From MySQL 5.7 Reference Manual:

Another way to see the difference in exact and approximate value handling is to add a small number to a sum many times. Consider the following stored procedure, which adds .0001 to a variable 1,000 times.

CREATE PROCEDURE p ()
BEGIN
  DECLARE i INT DEFAULT 0;
  DECLARE d DECIMAL(10,4) DEFAULT 0;
  DECLARE f FLOAT DEFAULT 0;
  WHILE i < 10000 DO
    SET d = d + .0001;
    SET f = f + .0001E0;
    SET i = i + 1;
  END WHILE;
  SELECT d, f;
END;

The sum for both d and f logically should be 1, but that is true only for the decimal calculation. The floating-point calculation introduces small errors:

+--------+------------------+
| d      | f                |
+--------+------------------+
| 1.0000 | 0.99999999999991 |
+--------+------------------+

So the problem about which you write is always present when dealing with floating-point type. Indeed, if the amount of stored in MySQL as FLOAT or DOUBLE, you would have this problem, but this is just DECIMAL.

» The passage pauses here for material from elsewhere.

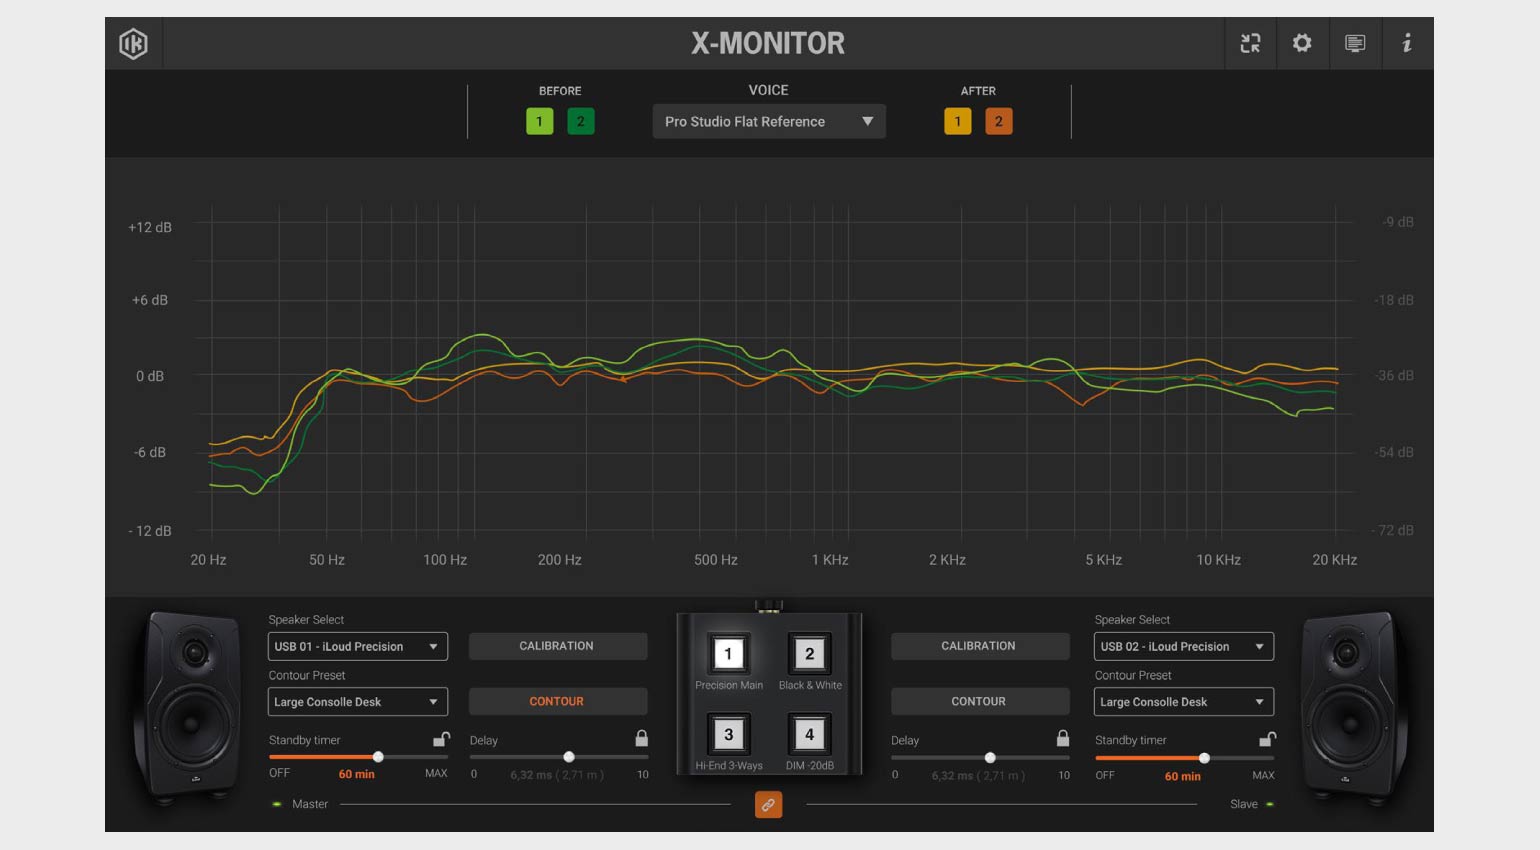 IK Multimedia's X-MONITOR software

When using a DECIMAL, you can use the usual comparisons in the database. MySQL does't return a false result.

But be careful when you get the data from the database and assign them to variables in a programming language. Especially in a programming language that is dynamic typing of variables...

You should then retrieve the value multiplied by one hundred and operate on integer or long integer... Or better to use special libraries to financial operations on numbers with a comma...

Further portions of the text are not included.